Summary and Analysis by Chapter

Book 6: Chapters 1–13

Before going on with his story, Tristram looks back at the five volumes already completed. The critics (called "Jack Asses") "view'd and review'd" the earlier volumes, and "good God! what a braying did they all set up together!" Tristram feels that he and his reader ("dear Sir") were lucky to get away with their lives.

Closing his Tristra-paedia, Walter chats with Yorick about famous men who were child prodigies. There were "Grotius, Scioppius, Heinsius, Politian, Pascal, Joseph Scaliger, Ferdinand de Cordouè, and others — ." Yorick reminds him of the "great Lipsius, . . . who composed a work the day he was born." Uncle Toby, always literal-minded, remarks: "They should have wiped it up . . . and said no more about it."
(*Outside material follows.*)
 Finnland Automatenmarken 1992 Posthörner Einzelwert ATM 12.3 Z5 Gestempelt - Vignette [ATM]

Back in the nursery, Dr. Slop and Susannah are arguing: she is bashful about holding the candle as the doctor works on the child, and he accuses her of false modesty and of worse things. Holding the candle with her eyes averted, Susannah accidentally sets fire to Dr. Slop's wig. Recriminations and name-calling follow, and they douse each other with the "cataplasm" intended for Tristram's cure. Then, since that treatment had failed, they "retired into the kitchen to prepare a fomentation" for him.
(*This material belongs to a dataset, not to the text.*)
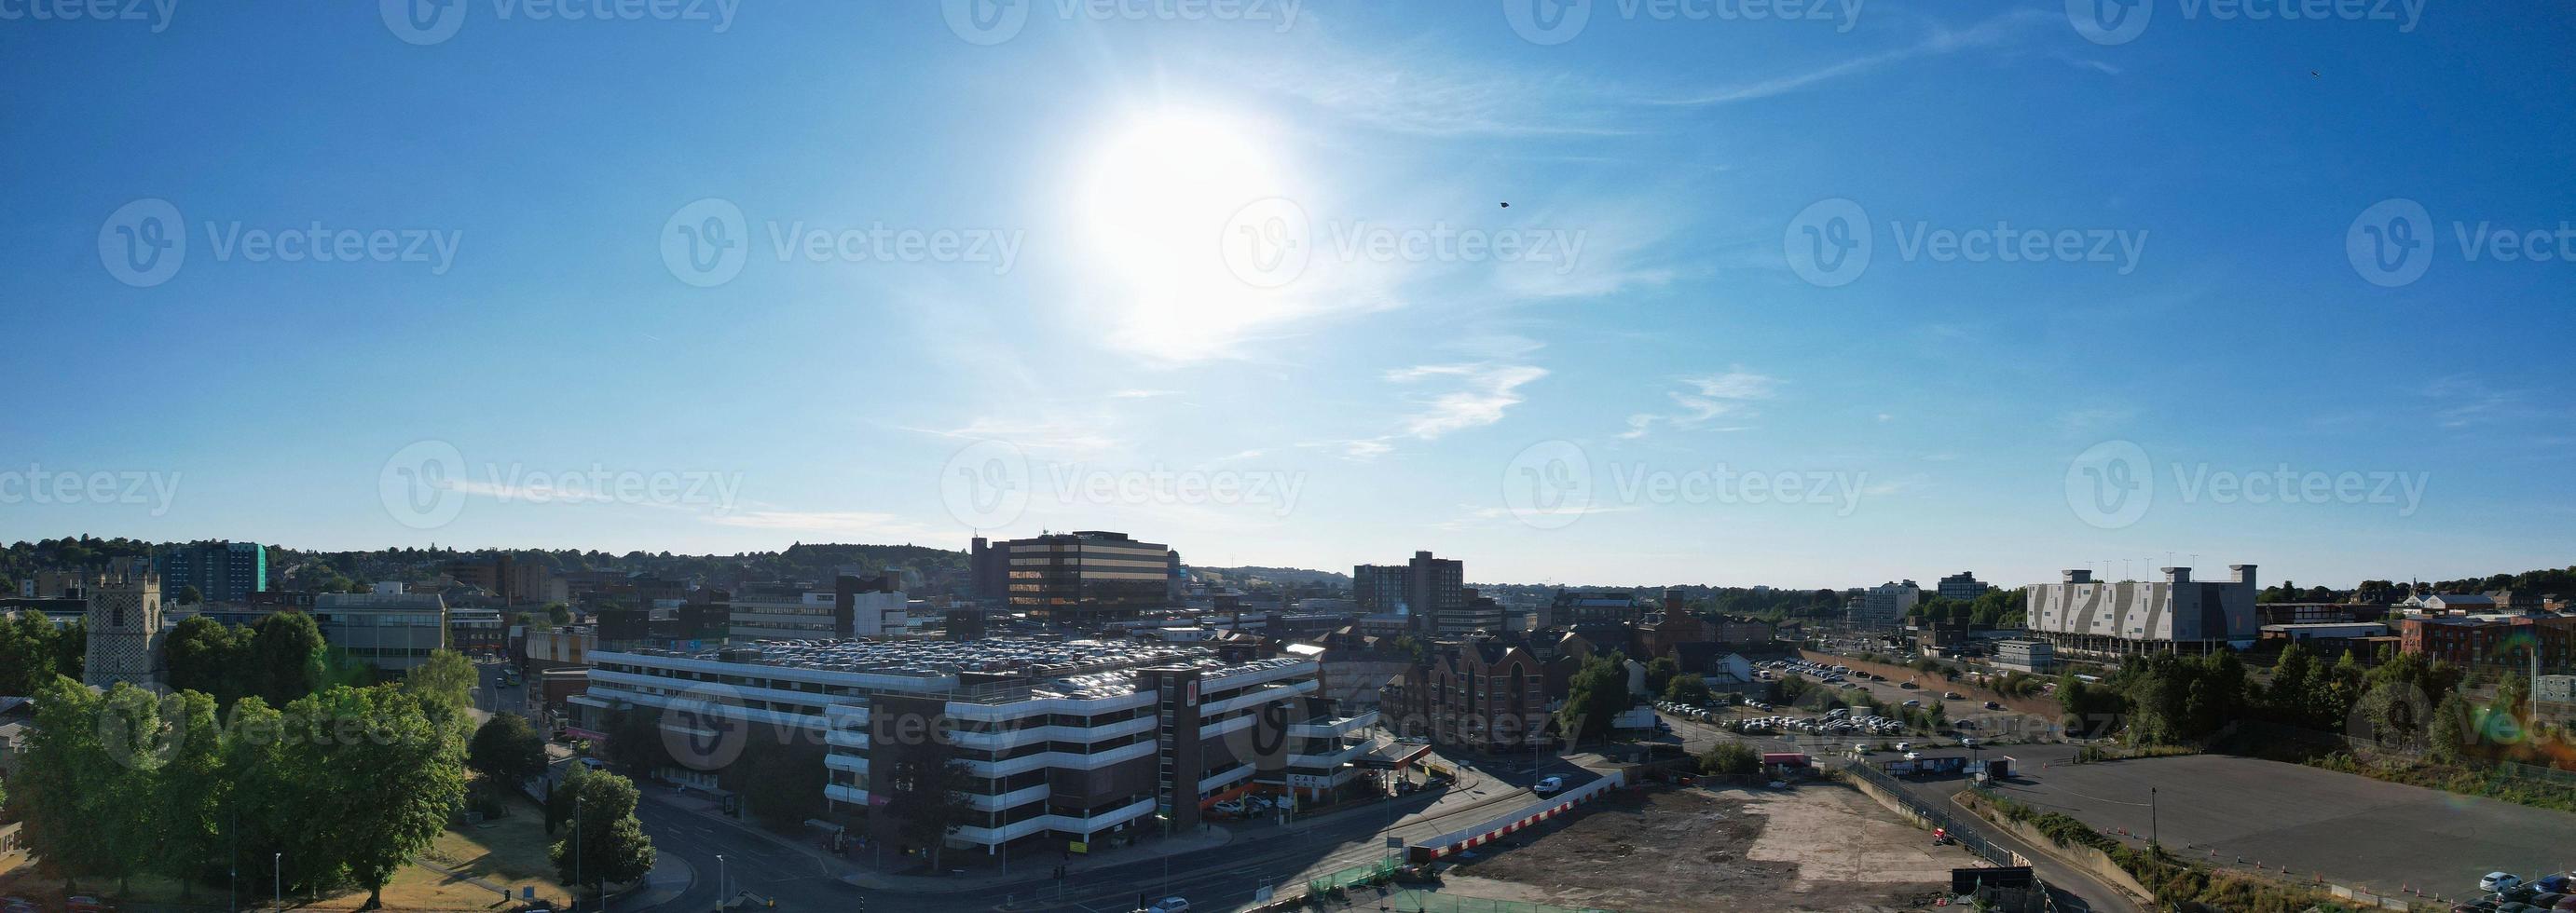 vue de drone à angle élevé sur le centre-ville de luton et la gare, luton en angleterre. luton est une ville et un arrondissement dotés du statut d'autorité unitaire, dans le comté cérémoniel du bedfordshire photo

Walter thinks that it is time to get Tristram a tutor: "You see 'tis high time, said my father, addressing himself equally to my uncle Toby and Yorick, to take this young creature out of these women's hands, and put him into those of a private governor." He outlines the many necessary good qualities of the ideal tutor, and Uncle Toby asks him to give the post to "poor Le Fever's son. Tristram regrets having lost the opportunity earlier of having Trim tell the story of Le Fever: " — fool that I was! nor can I recollect, (nor perhaps you) without turning back to the place, what it was that hindered me from letting the corporal tell it in his own words; — but the occasion is lost, — I must tell it now in my own."